Skip‑scan can dramatically reduce I/O for queries on non‑leading columns when the leading key has few distinct values, directly affecting latency and cost in production workloads. Understanding when it applies helps DBAs choose indexes that fully exploit PostgreSQL 18’s optimizer improvements.
The skip‑scan addition in PostgreSQL 18 refines how the query planner navigates multicolumn B‑tree structures. Rather than reading every leaf page, the optimizer now isolates each distinct value of the leading column and performs a focused seek on the secondary key. This approach mirrors index‑only scans but reduces unnecessary page reads when the leading column’s cardinality is low, delivering a more efficient execution path without altering the underlying index definition.
Benchmark data underscores the conditional nature of the benefit. In a test where the leading column "bid" had only ten distinct values, the skip‑scan reduced buffer hits from 845 to 39 and lifted transactions per second from roughly 2,500 to 14,400. Conversely, when the leading column "aid" was unique for every row, the planner correctly avoided skip‑scan, as the cost of one million seeks outweighed sequential access. The planner’s cost model, informed by updated statistics, therefore selects the optimal strategy on a case‑by‑case basis.
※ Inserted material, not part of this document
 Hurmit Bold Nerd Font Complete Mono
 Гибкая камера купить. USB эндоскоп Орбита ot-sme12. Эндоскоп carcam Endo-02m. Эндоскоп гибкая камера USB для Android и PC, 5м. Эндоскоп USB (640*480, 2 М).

For practitioners, the practical takeaway is twofold. First, monitor the "Index Searches" metric in EXPLAIN (ANALYZE); a count above one confirms skip‑scan activation. Second, maintain accurate column statistics and consider low‑cardinality leading columns when designing multicolumn indexes, especially for workloads that filter on non‑leading attributes. While older PostgreSQL versions already performed full‑index scans when advantageous, the native skip‑scan in v18 offers a measurable edge for the right data distributions, making it a valuable tool in modern performance‑tuning arsenals.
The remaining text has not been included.